» **What you have to do**: Somewhere below is a line with "Royal Oak Selfwinding" and, later, a line with "Gabrielle Union &"; repeat those two lines and all the lines between them, exactly as they are.

» **Provided records**:

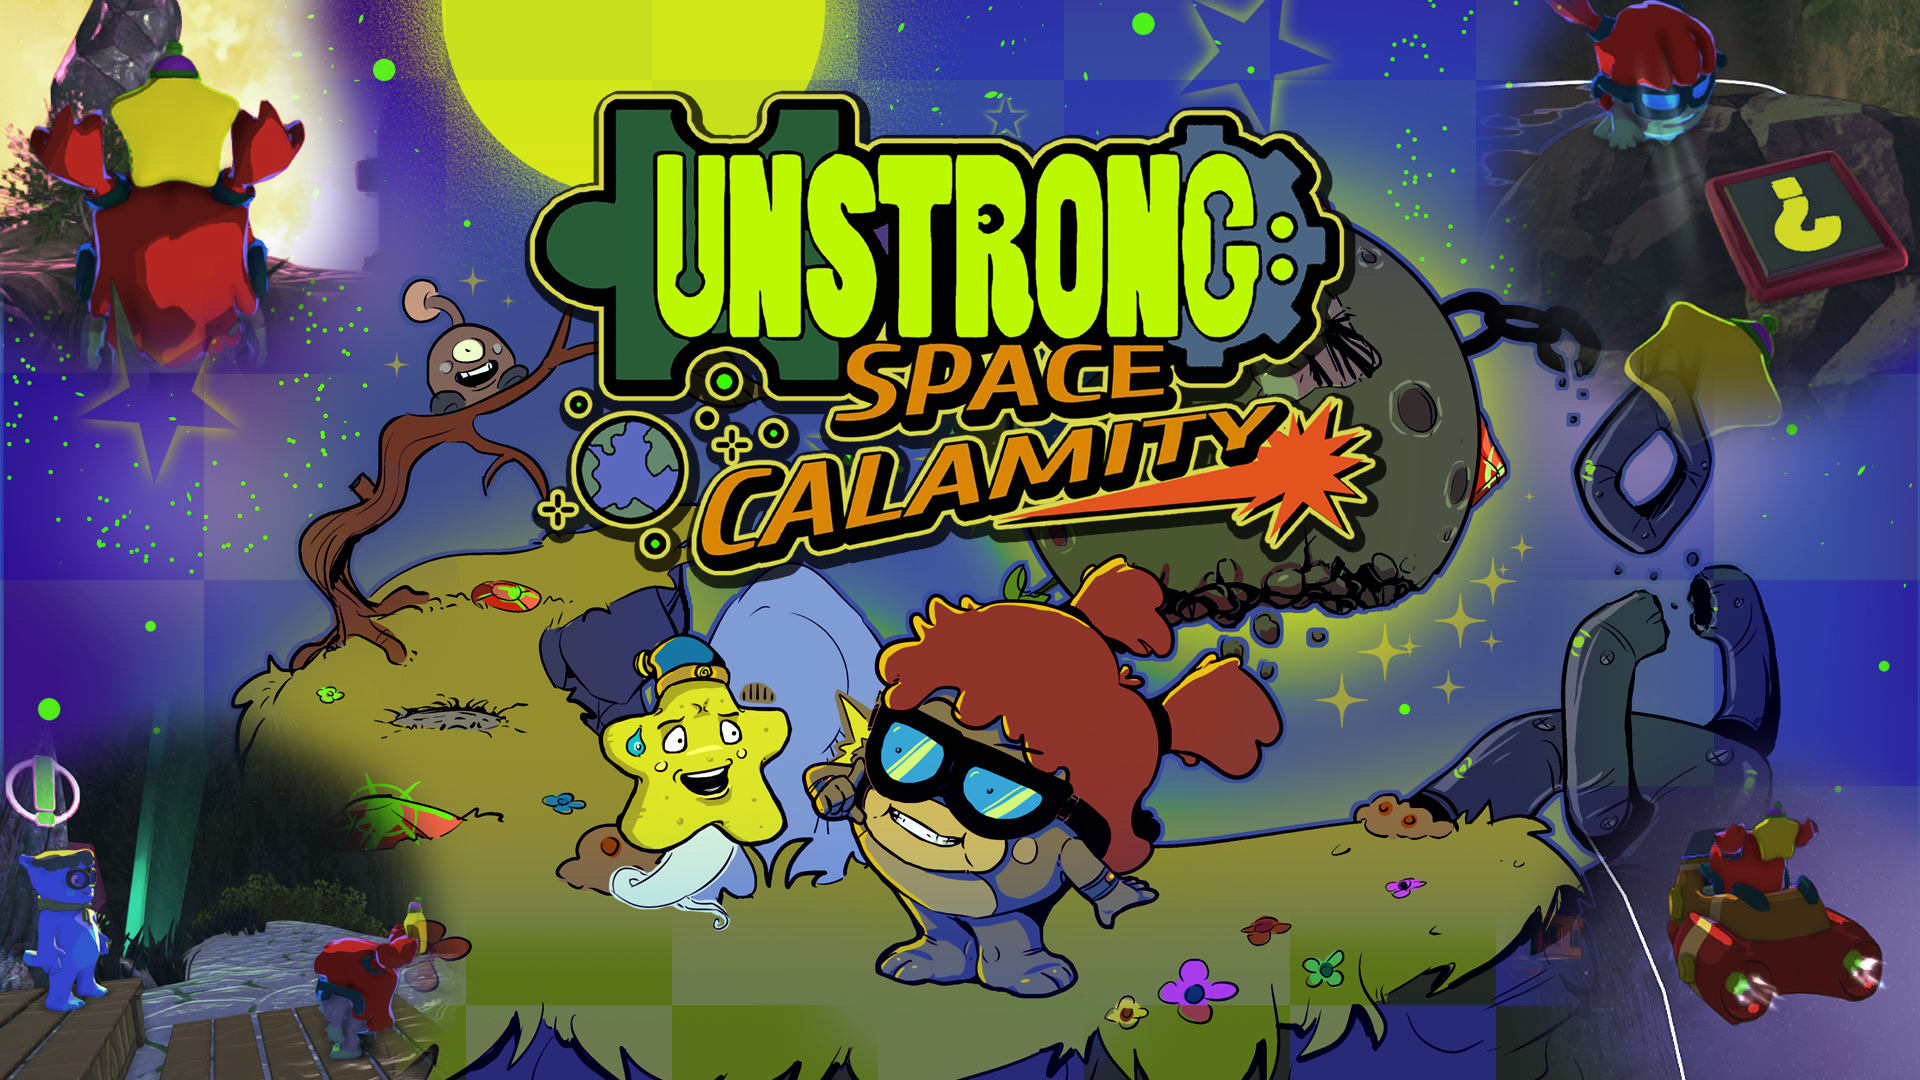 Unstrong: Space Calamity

---

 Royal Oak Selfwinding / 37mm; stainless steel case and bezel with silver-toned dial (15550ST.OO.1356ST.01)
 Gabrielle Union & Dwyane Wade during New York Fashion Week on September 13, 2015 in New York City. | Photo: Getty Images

» **Written solution**:
 Royal Oak Selfwinding / 37mm; stainless steel case and bezel with silver-toned dial (15550ST.OO.1356ST.01)
 Gabrielle Union & Dwyane Wade during New York Fashion Week on September 13, 2015 in New York City. | Photo: Getty Images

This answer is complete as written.